The specific case related to a patent for a method of settlement intermediation between financial institutions, and Thomas ruled that because the process described was a combination of long-standing concepts and methods well-known in the financial world, that simply applying them to a computer did not meet the transformative requirement (aka the "machine" step) the petitioners argued they did. Thomas fell short of ruling that the steps described were abstract in and of themselves, which would have proved a more impactful decision.

Instead, Thomas' opinion states that it is the alleged transformative step, applying the methods described in the patent to a computer, that is fatal. Taking a few conceptual steps to implement a well-known concept in the banking and business world along with some mathematical equations in order to implement an abstract idea (here, settlement intermediation) on a computer can never alone meet the bar for patent eligibility. Because the invention in no way substantially enhances the functionality of the computer or provides material advances in the art or science it is involved in (other than the benefit the generic computer itself provides), it cannot be patented. That is to say, simply because an idea or method is made better by using a computer is not enough to meet the bar for patentability. To say that would be to say that scanning the pages of a book into a computer could be patented as an invention (let's assume the scanner and communication standard were already invented), because the computer does not require paper, can increase the visible font size, and be used to enhance the contrast of the pages for better readability. Thomas is contending that things like this are inherent to applying the invention to a computer in the first place - the benefits are obvious to anyone skilled in the art or profession, and therefore not eligible for patent protection.

Thomas was also careful to state that at its heart, nearly every patent contains some level of abstraction. This, perhaps, is key to the more narrow ruling. A paragraph-long concurring opinion authored by one of the Court's more liberal justices, Sotomayor, joined by two others (Breyer and Ginsburg), takes issue with Thomas here. Whereas Thomas did not conclude that the method (steps) itself described in the petitioner's patent was abstract (nor did he explicitly say they were not abstract), the concurring justices did. This is something of a long-standing spat in patent law.

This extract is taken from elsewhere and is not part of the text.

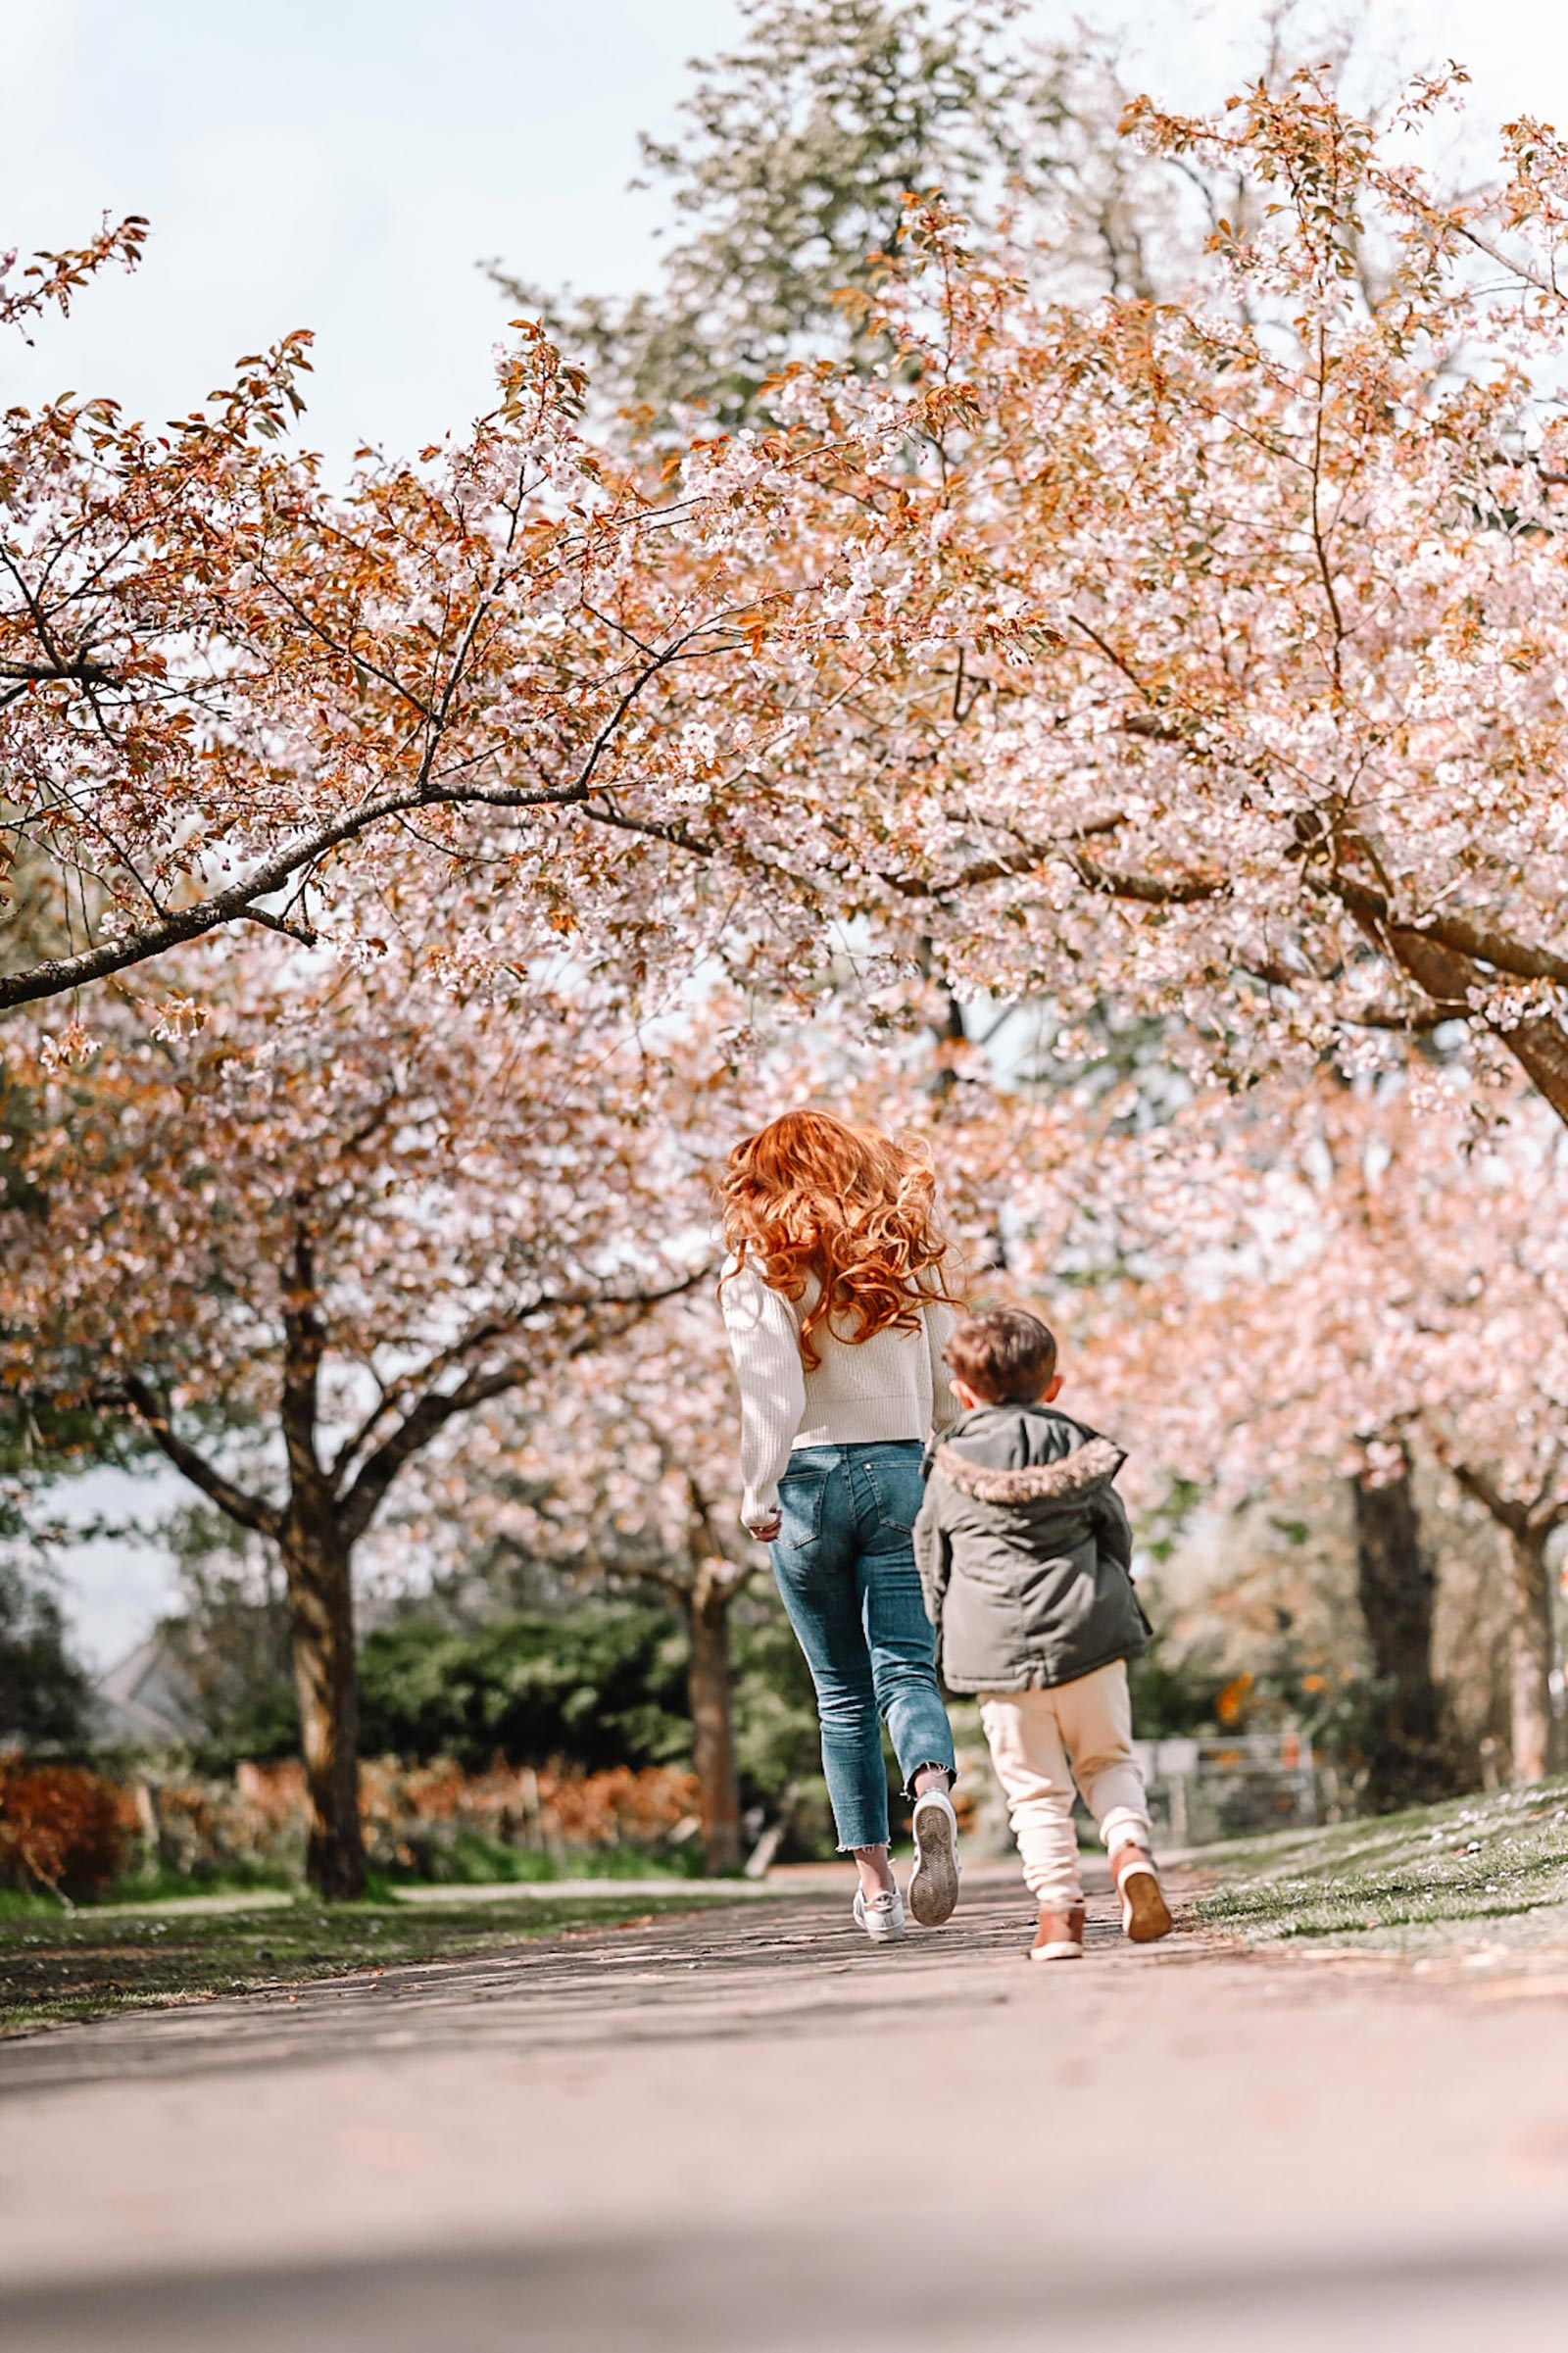 Amber and Max running through the cherry blossom trees in Edinburgh, spring 2021

If the Court had taken the concurring opinion's view, this case would have had a decidedly stronger impact, most likely. Sotomayor would prefer that the Court state firmly that business method patents are null and void, a position that has seen strong support pretty much everywhere but the business world. Just what effect this would have on software patents, by relation, is unclear, though it would almost certainly be greater than today's decision.

As to the effect of the Court's judgment in the smartphone world? Don't expect Apple lawyers to start quivering any time soon. Today's ruling does put out some shockwaves in the software and tech patent world, but largely for true patent trolls, who tend to use business method or highly generic software patents (eg, patents upon the very concept of software using the "applied to a computer" loophole to hold water). So, bad news trolls, which is always good. You can read the full opinion via this link from The Verge, too.

Alice Corp. v. CLS Bank Int. via The Verge

David Ruddock
David's phone is whatever is currently sitting on his desk. He is an avid writer, and enjoys playing devil's advocate in editorials, and reviewing the latest phones and gadgets. He also doesn't usually write such boring sentences.

  • Defenestratus

    Just to clarify... just because Thomas wrote the majority opinion, didn't mean that he decided this all by his lonesome. He was consenting with the majority opinion of the 9 justices on the bench.

    Note also however that the brevity of the opinion might be in due part to the courts historic level of work its taken on recently, with 17 or so opinions due out this month.

    • http://www.androidpolice.com/ David Ruddock

      The authoring justice writes the opinion, all the other justices do is submit commentary and, eventually, sign off on a draft they approve. It's a collaborative process (often an arduous one), but it's still Thomas' opinion, and the other justices do respect the author's individuality greatly.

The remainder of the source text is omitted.